DATA PROVIDED START

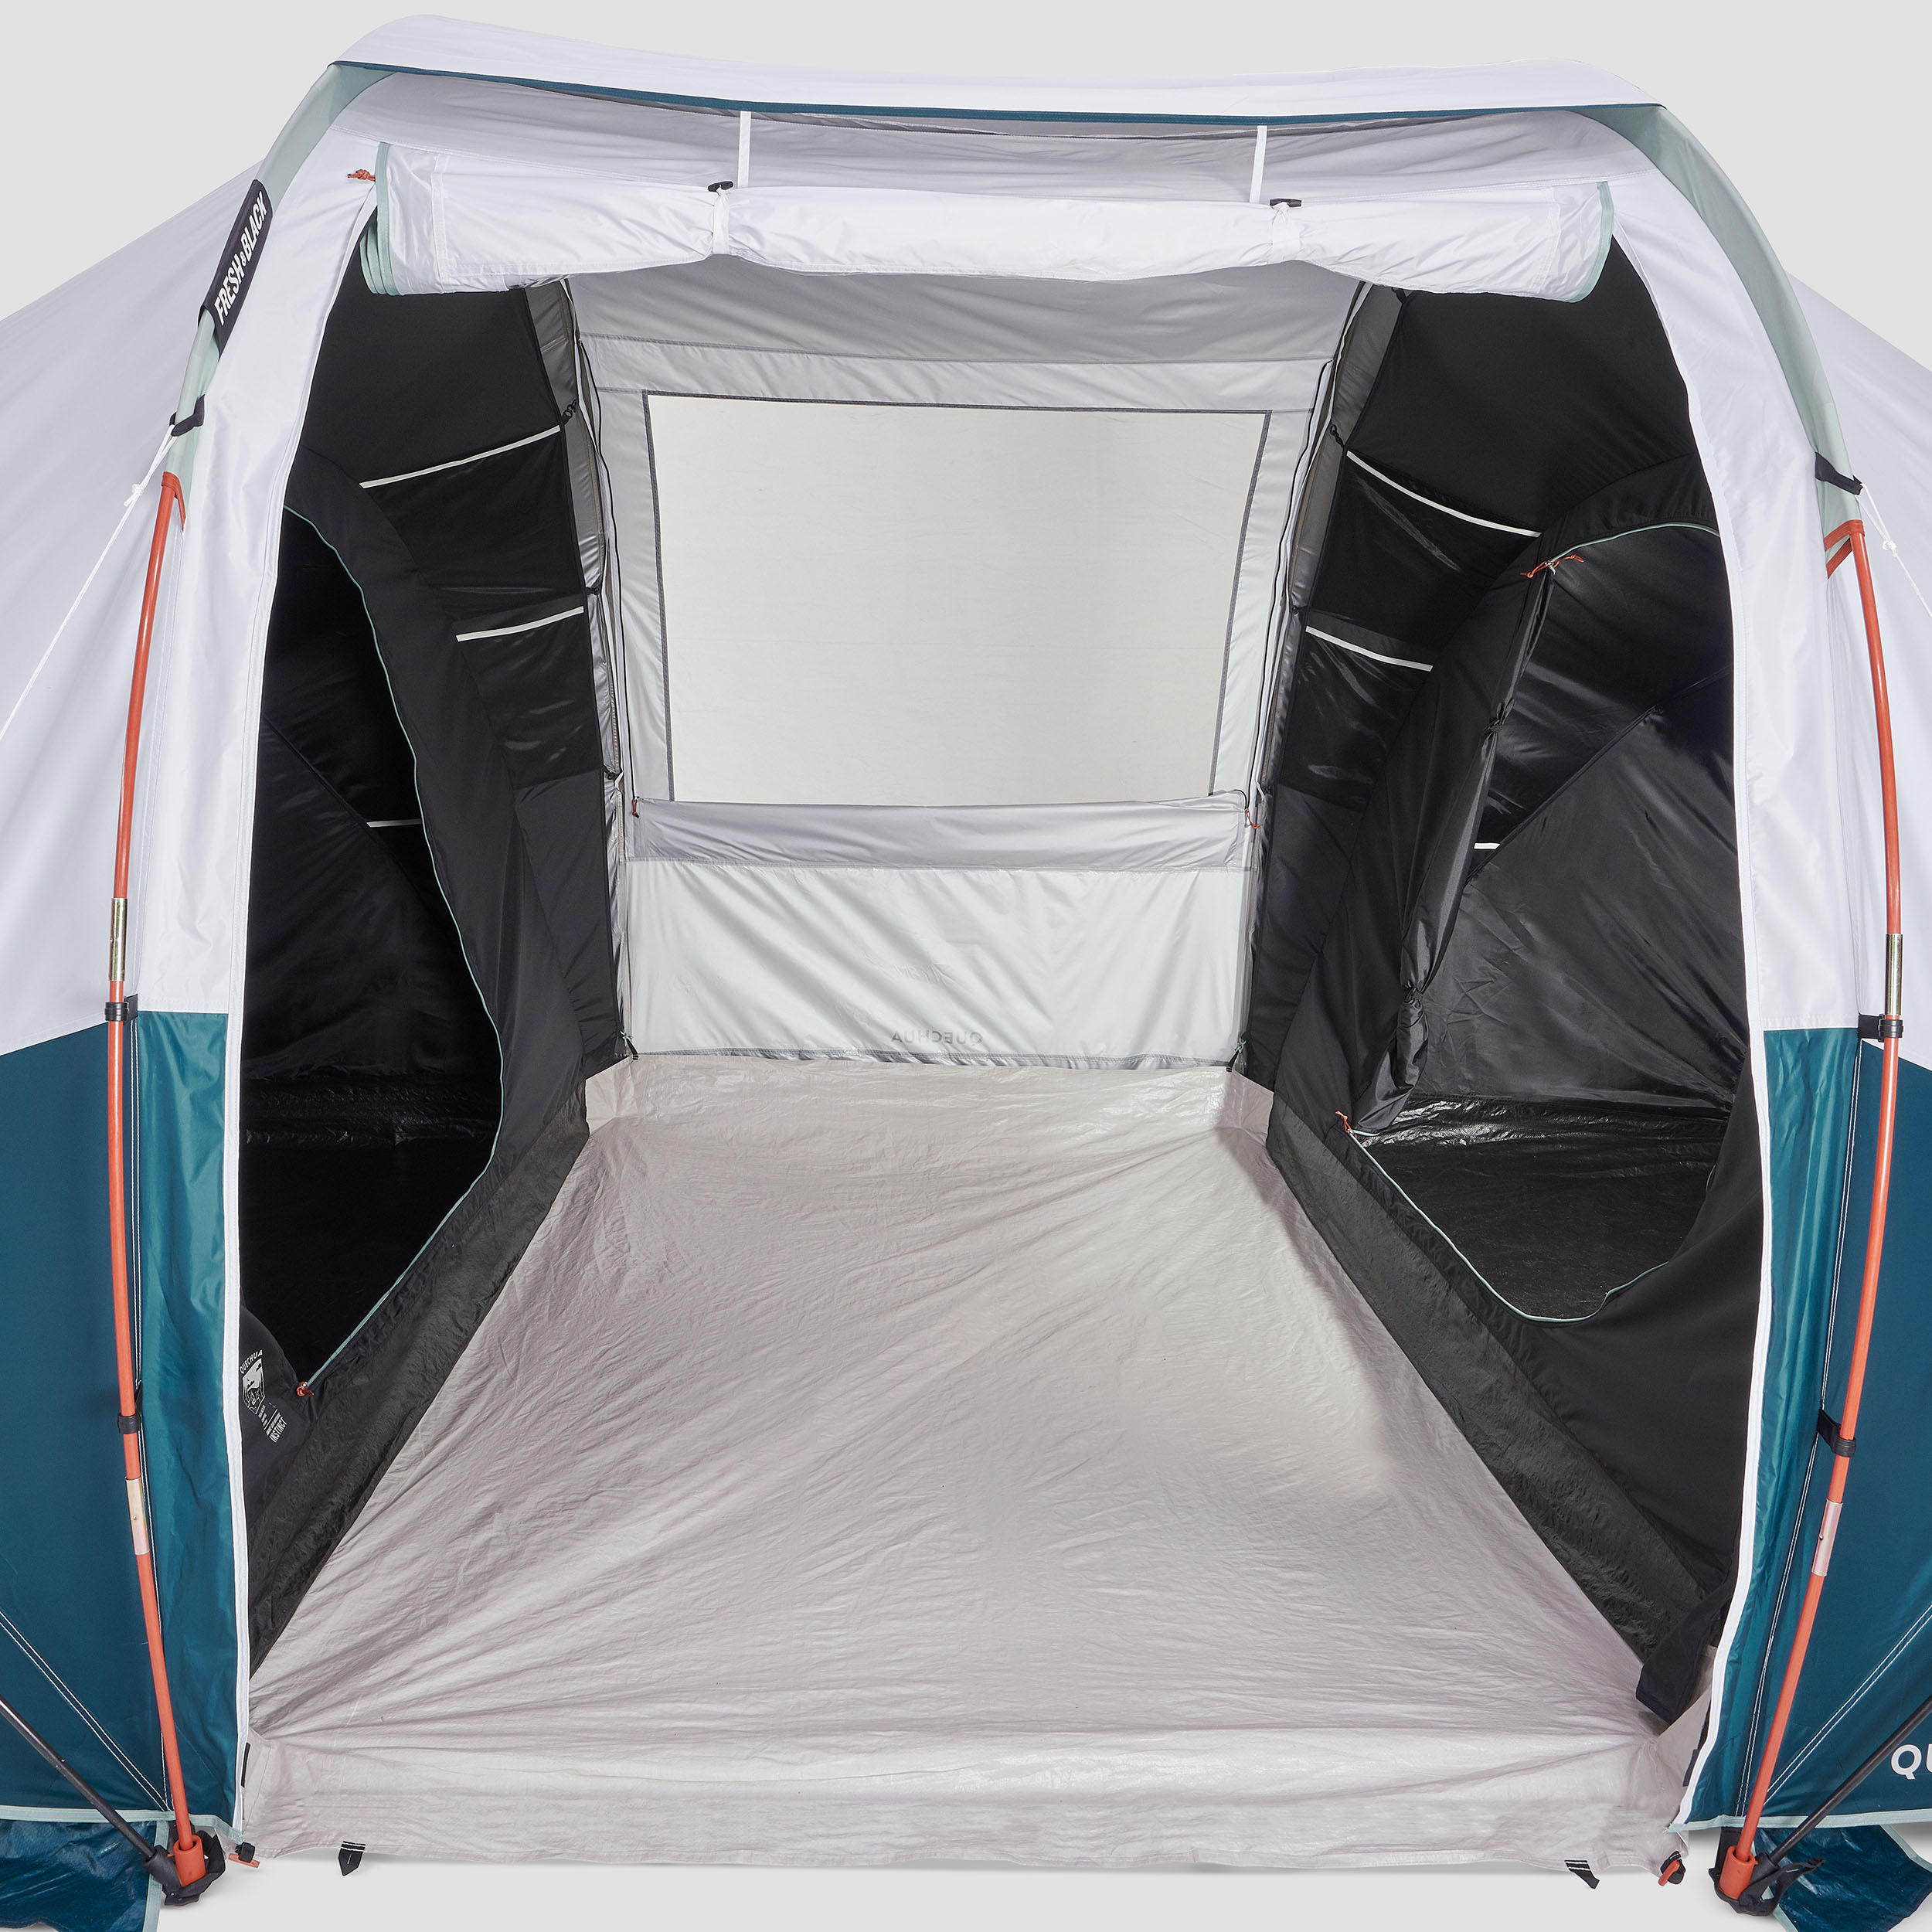 Camping tent with poles - Arpenaz 4.2 F&B - 4 Person - 2 Bedrooms 24/24
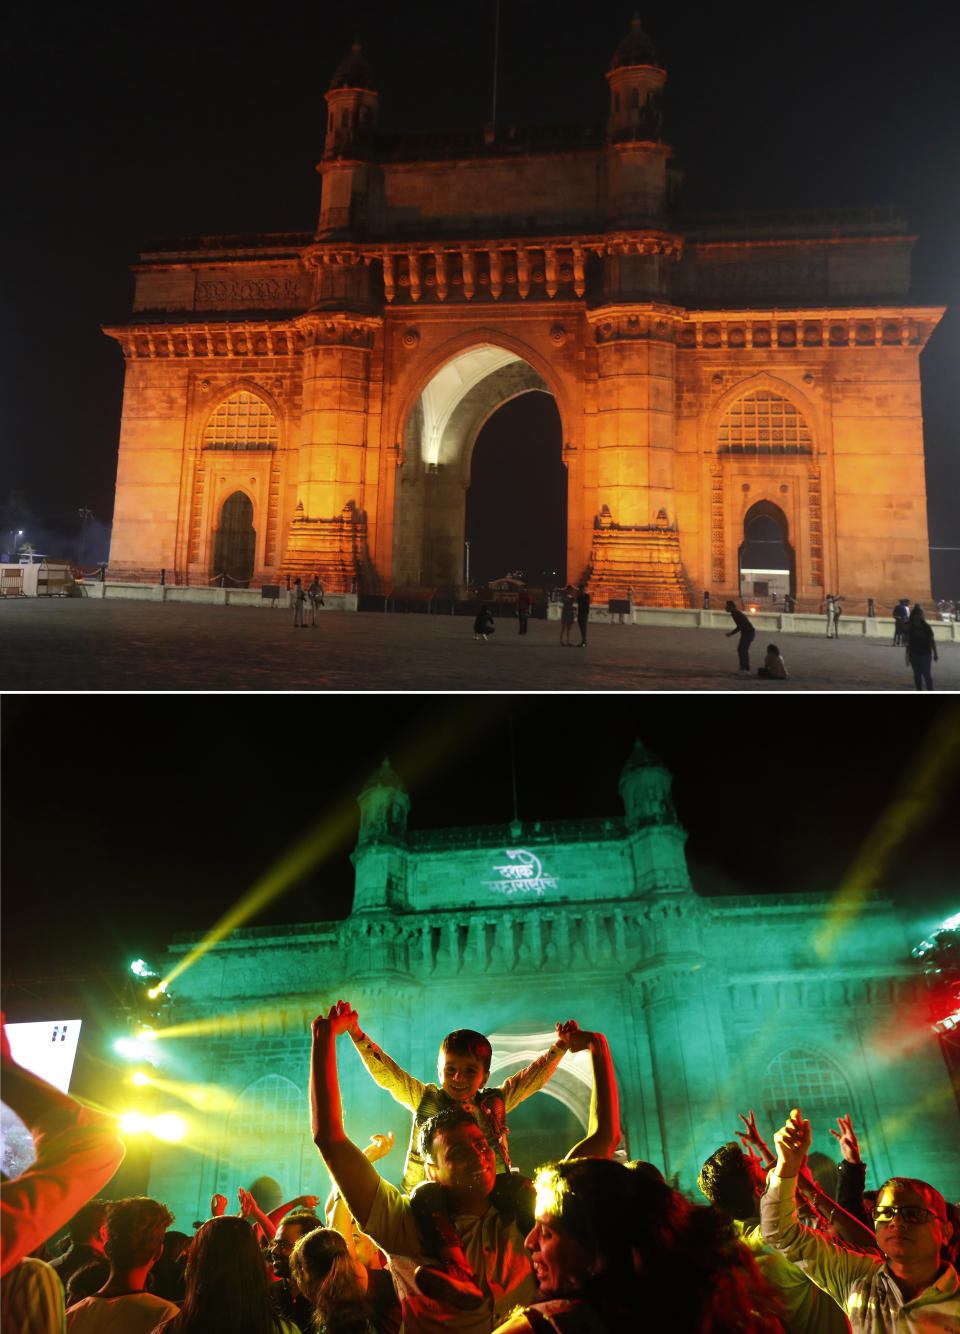 This combination photograph shows a handful of people in front of the iconic Gateway of India, top, a popular place to celebrate New Year's Eve in Mumbai, India, Thursday, Dec. 31, 2020, as compared to a file photograph of a crowd celebrating on Dec. 31, 2019. As the world says goodbye to 2020, there will be countdowns and live performances, but no massed jubilant crowds in traditional gathering spots like the Champs Elysees in Paris and New York City's Times Square this New Year's Eve. The virus that ruined 2020 has led to cancelations of most fireworks displays and public events in favor of made-for-TV-only moments in party spots like London and Rio de Janeiro. (AP Photo/Rafiq Maqbool, Rajanish Kakade)
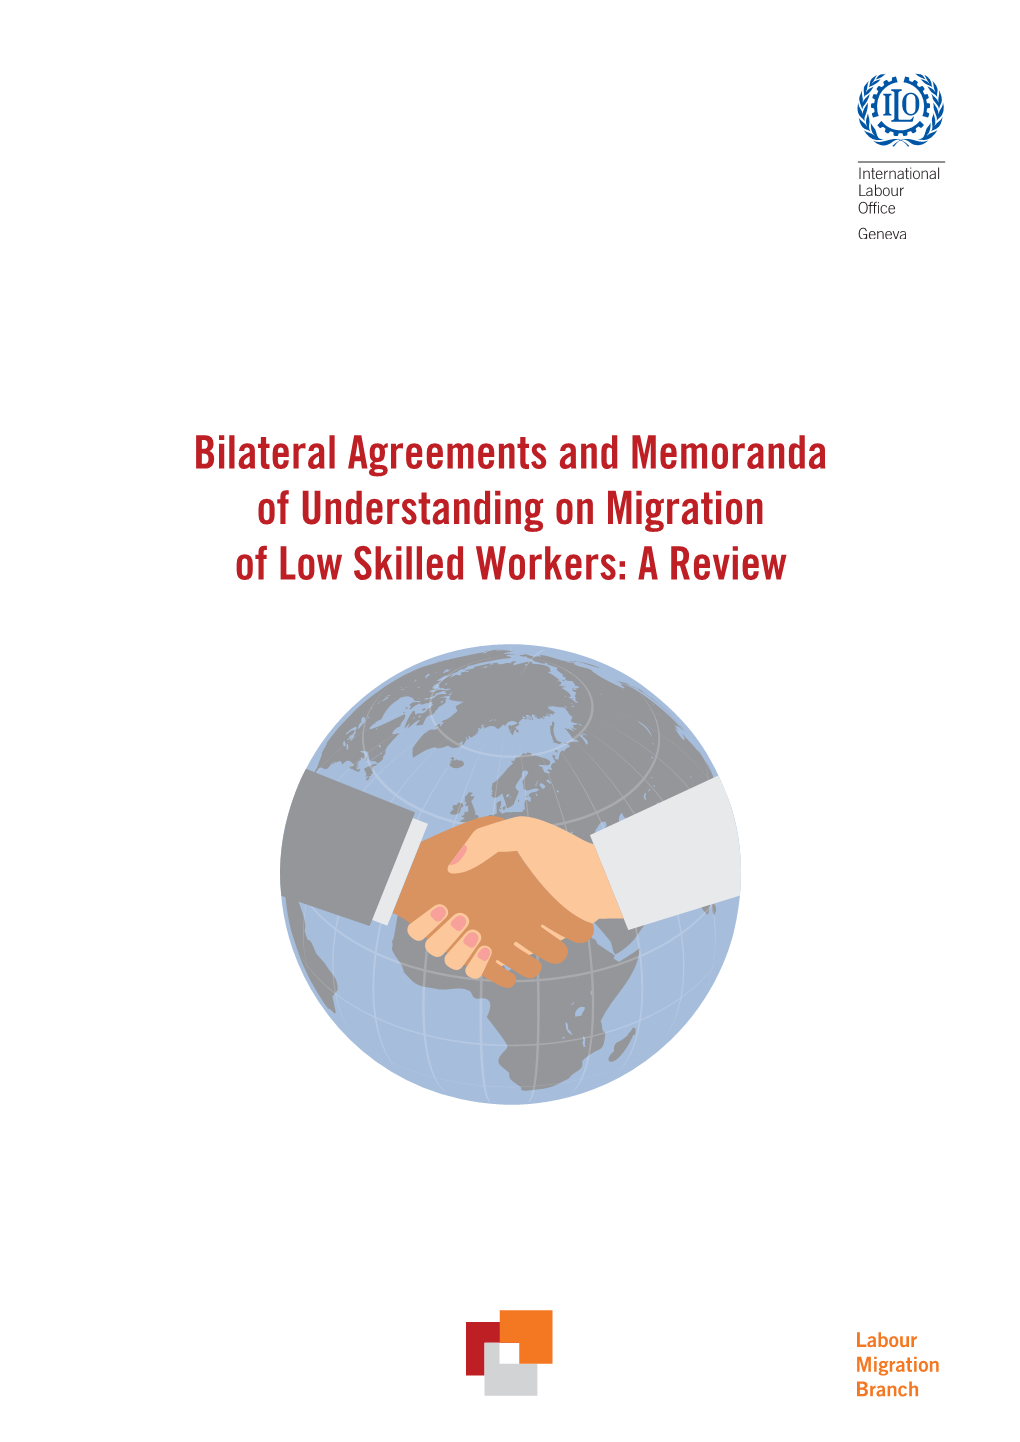 Bilateral Agreements and Memoranda of Understanding on Migration of Low Skilled Workers: a Review

DATA PROVIDED END

*WHAT TO WORK ON*: What you return should be all of the material above, exactly, and none of its pictures.

*TASK SOLUTION*:
 Camping tent with poles - Arpenaz 4.2 F&B - 4 Person - 2 Bedrooms 24/24
 This combination photograph shows a handful of people in front of the iconic Gateway of India, top, a popular place to celebrate New Year's Eve in Mumbai, India, Thursday, Dec. 31, 2020, as compared to a file photograph of a crowd celebrating on Dec. 31, 2019. As the world says goodbye to 2020, there will be countdowns and live performances, but no massed jubilant crowds in traditional gathering spots like the Champs Elysees in Paris and New York City's Times Square this New Year's Eve. The virus that ruined 2020 has led to cancelations of most fireworks displays and public events in favor of made-for-TV-only moments in party spots like London and Rio de Janeiro. (AP Photo/Rafiq Maqbool, Rajanish Kakade)
 Bilateral Agreements and Memoranda of Understanding on Migration of Low Skilled Workers: a Review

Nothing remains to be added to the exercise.